SCE was shown to be an independent intraepithelial lesion. The incidence of this abnormality increased with age and significantly differed in the patients with fallopian tubal lesions in extraovarian diseases from that in those with malignant ovarian serous tumors (by 5.3 times), while these groups showed a three-fold difference in SCO. Thus, SCP may serve as a more sensitive marker for the early stages of the pathogenesis of ovarian serous carcinoma. The studied types of SCE demonstrated multiple molecular events (loss of PAX2 expression and increased Bcl-2, beta-catenin, and ALDH1 expressions), some of which underwent considerable changes, by increasing the severity of a pathological process (loss of ALDH1, and beta-catenin, and bcl-2 expressions). Thus, therapeutic exposure in the early stages of pathogenesis may have a few points of application and just several molecules can serve as independent markers for early pathological changes in the fallopian tubal epithelium.
研究生殖器官疾病中输卵管分泌细胞扩张(SCE)类型的频率,并确定高级别卵巢浆液性癌(HGOSC)发病早期这些细胞的免疫表型和生物学作用。
该研究纳入了287例患有卵巢外疾病和不同分级的卵巢浆液性肿瘤的患者,使用p53、Ki-67、PAX2、Bcl-2、β-连环蛋白和ALDH1标记物对其输卵管进行形态学和免疫组织化学检查。采用Mann-Whitney检验和χ2检验对材料进行统计学处理。
在所有研究的生殖系统疾病中,分泌细胞增殖率(SCP)(连续超过10个分泌细胞)和分泌细胞过度生长率(SCO)(连续超过30个分泌细胞)均随年龄增加。HGOSC患者输卵管伞部的SCP率比卵巢外疾病患者高5.9倍(p<0.01);在比较相同患者组时,SCO率高3.4倍(p<0.05)。所研究病变的免疫组织化学特征(评分)如下:PAX2在完整上皮中表达(2.8),在SCP中(1.3),在SCO中(1.2),在输卵管上皮内癌(STIC)中(1.0),在HGOSC中(0.9);Bcl-2在完整上皮中(2.2),在SCP中(2.1),在STIC中(0.9),在HGOSC中(0.6),β-连环蛋白在完整上皮中(0.5),在SCP中(2.85),在SCO中(2.95),在STIC中(0.6),在HGOSC中(0.5);ALDH1在完整上皮中(0.5),在SCP中(2.91),在SCO中(2.92),在STIC中(1.2),在HGOSC中(0.6)。在以下方面存在95%置信区间的统计学显著差异(p<0.05):1)PAX2在完整上皮与病理情况(输卵管病变和HGOSC)之间;2)Bcl-2在完整上皮与SCE(SCP和SCO)之间以及SCE与HGOSC之间;3)β-连环蛋白在完整上皮与SCE(SCP和SCO)之间以及SCE与HGOSC之间;4)ALDH1在完整上皮与SCE之间、SCE与STIC之间以及STIC与HGOSC之间。

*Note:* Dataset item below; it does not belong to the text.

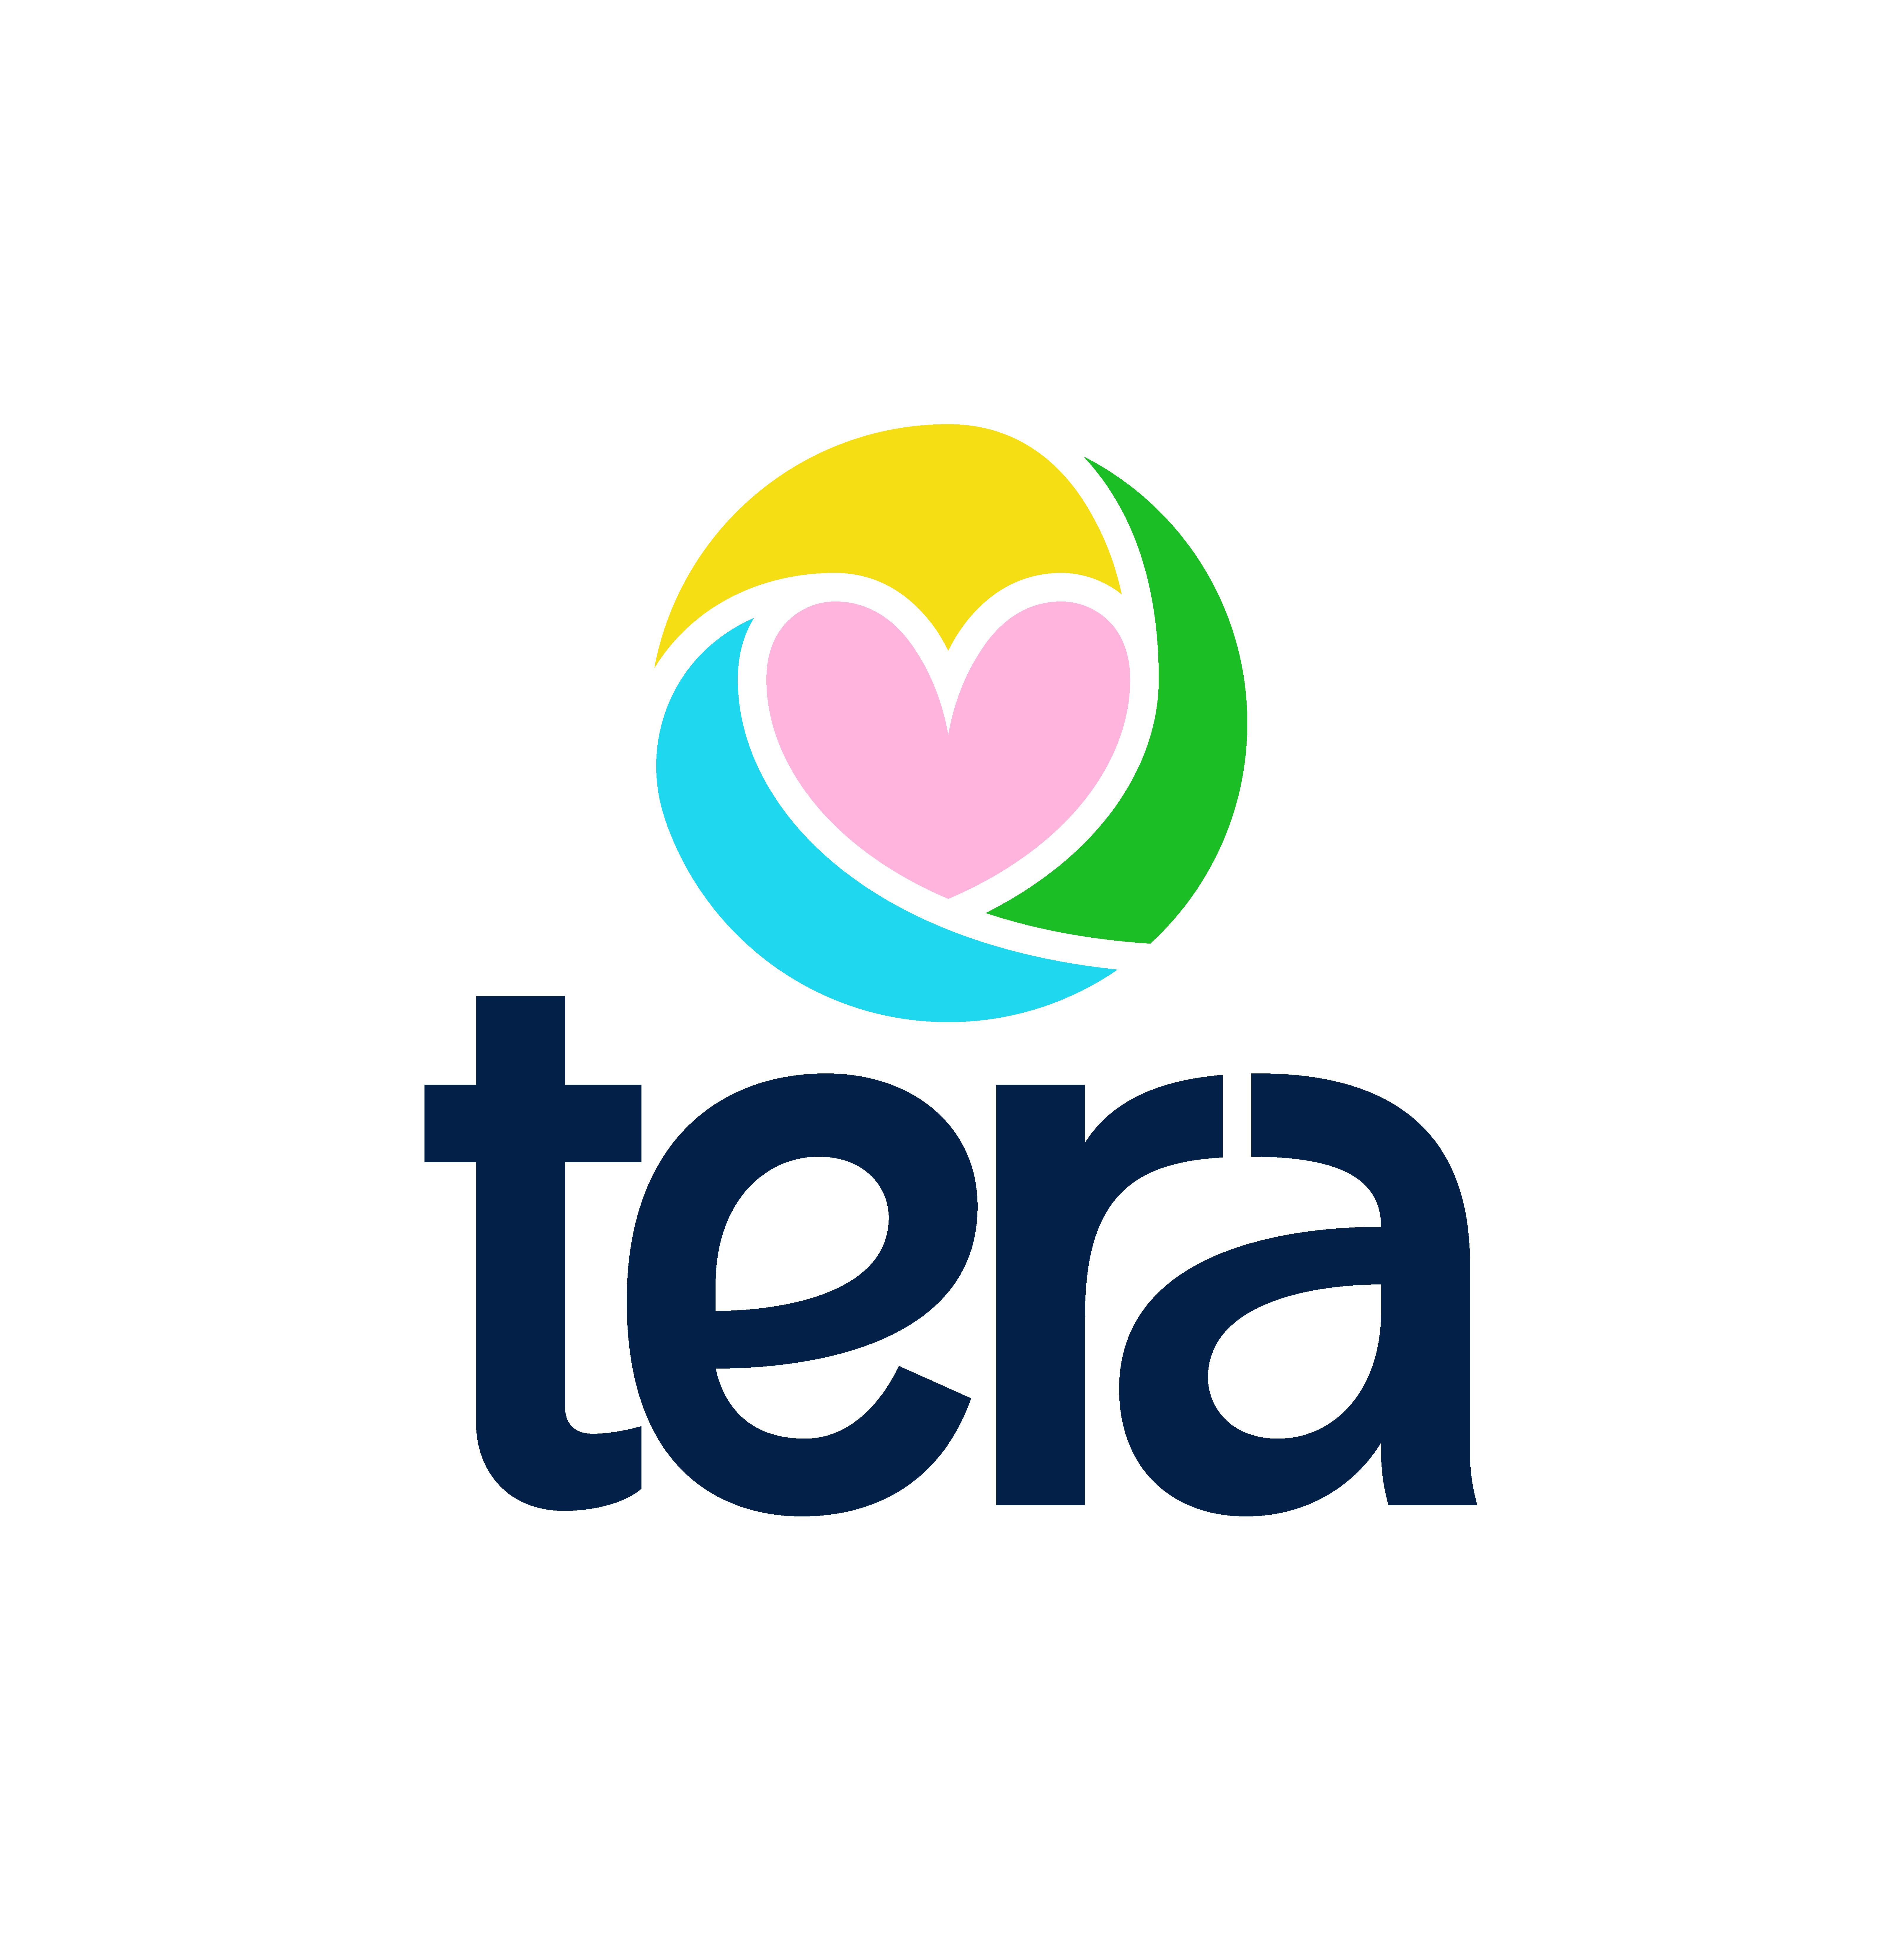 Tera Shopping Coach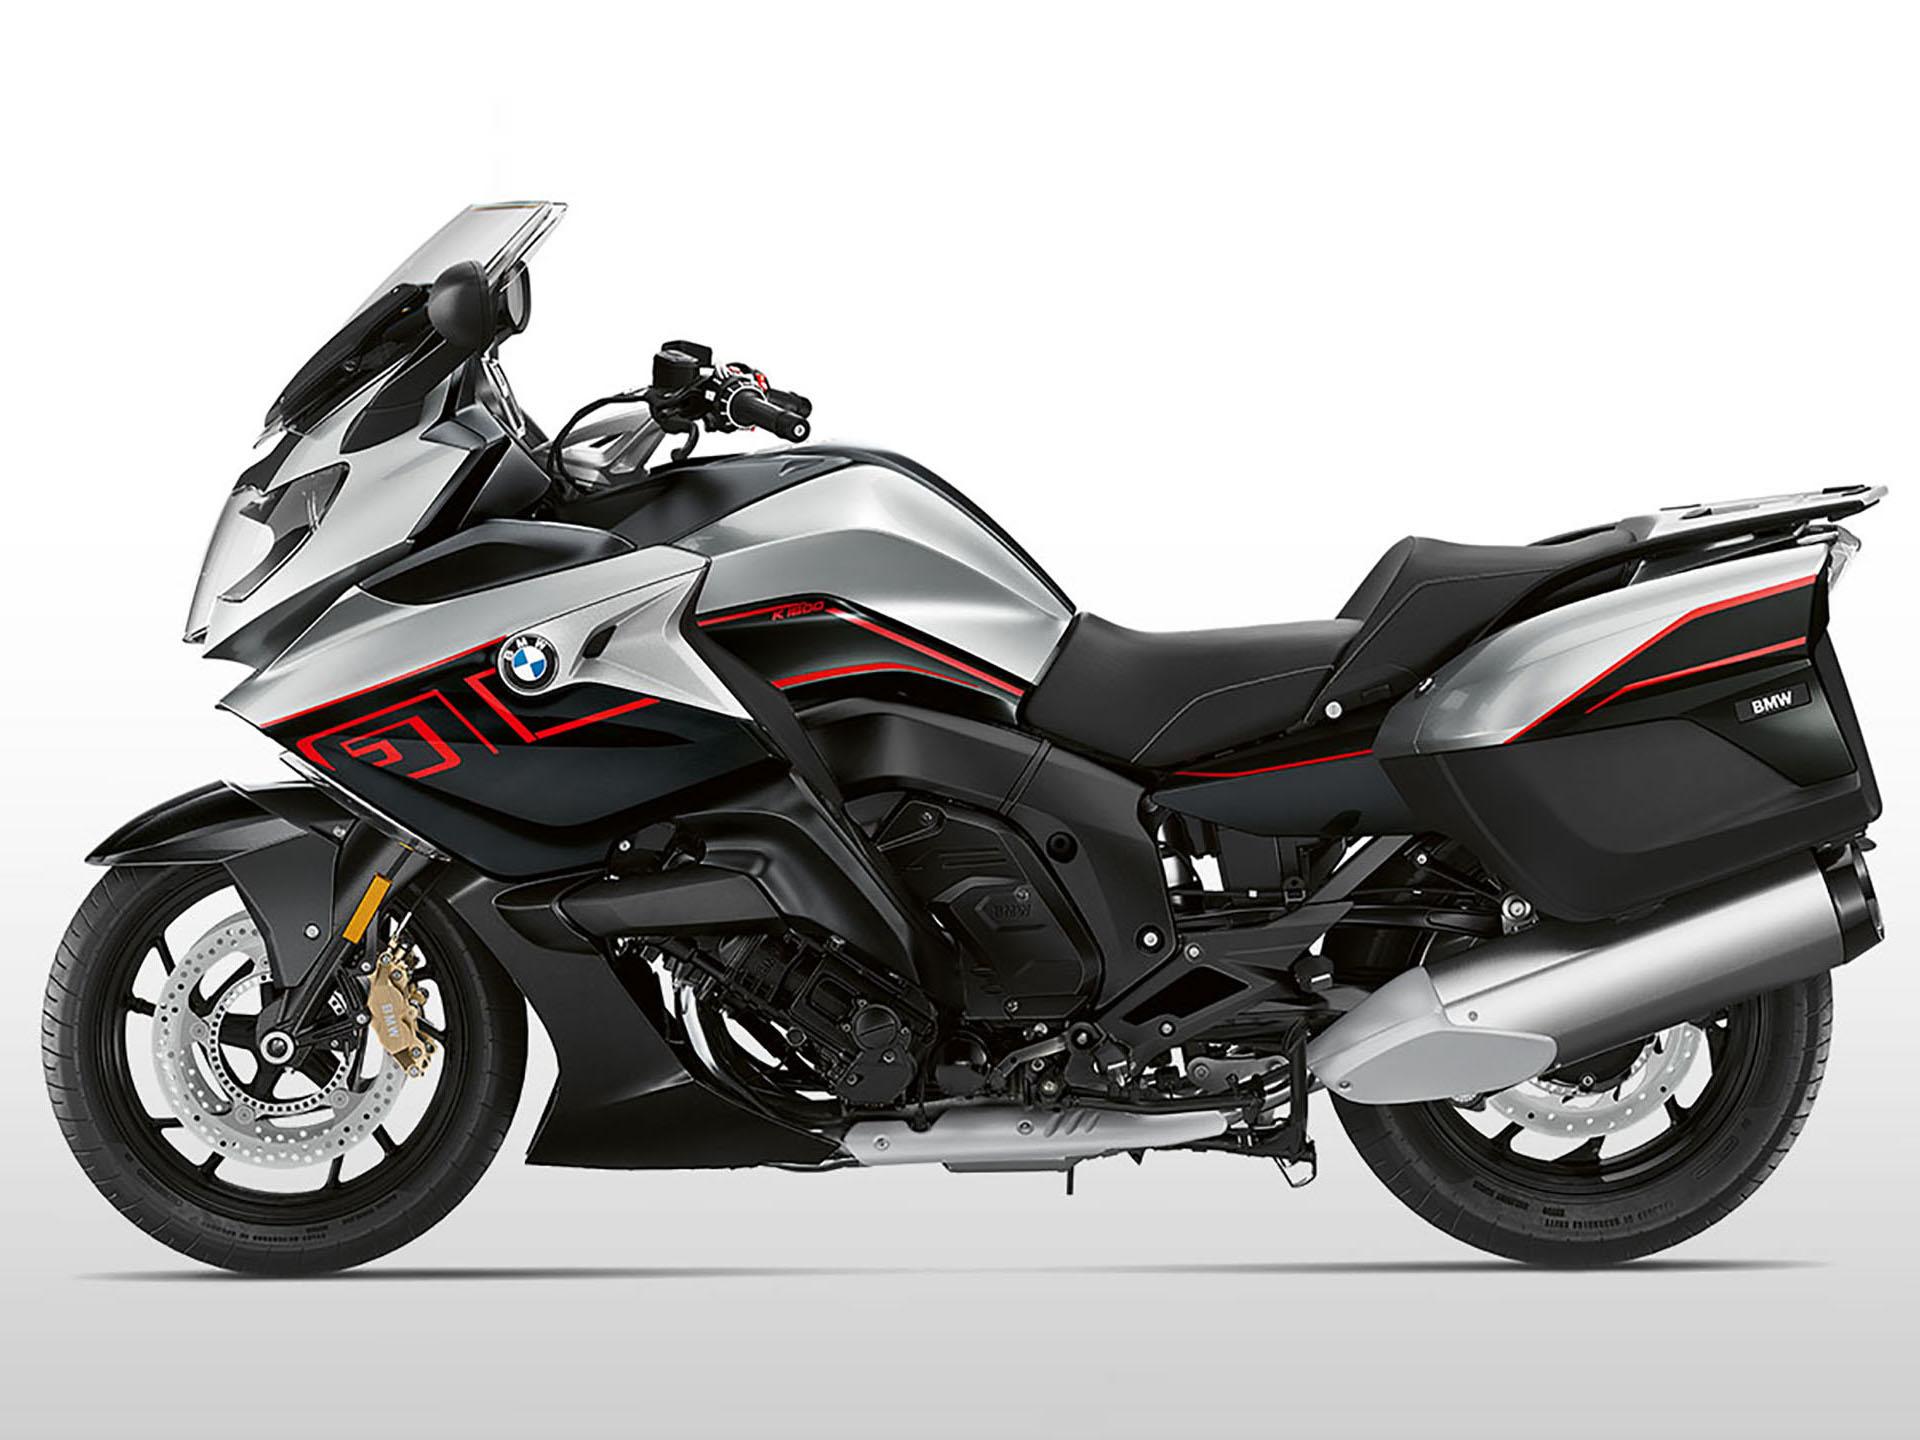 bmw-motorrad-k-1600-gt

SCE被证明是一种独立的上皮内病变。这种异常的发生率随年龄增加,卵巢外疾病中输卵管病变患者与恶性卵巢浆液性肿瘤患者之间存在显著差异(相差5.3倍),而这些组在SCO方面存在3倍差异。因此,SCP可能作为卵巢浆液性癌发病早期更敏感的标志物。所研究的SCE类型显示出多种分子事件(PAX2表达缺失以及Bcl-2、β-连环蛋白和ALDH1表达增加),其中一些随着病理过程严重程度增加而发生显著变化(ALDH1、β-连环蛋白和bcl-2表达缺失)。因此,在发病早期进行治疗干预可能有几个应用点,并且只有几个分子可作为输卵管上皮早期病理变化的独立标志物。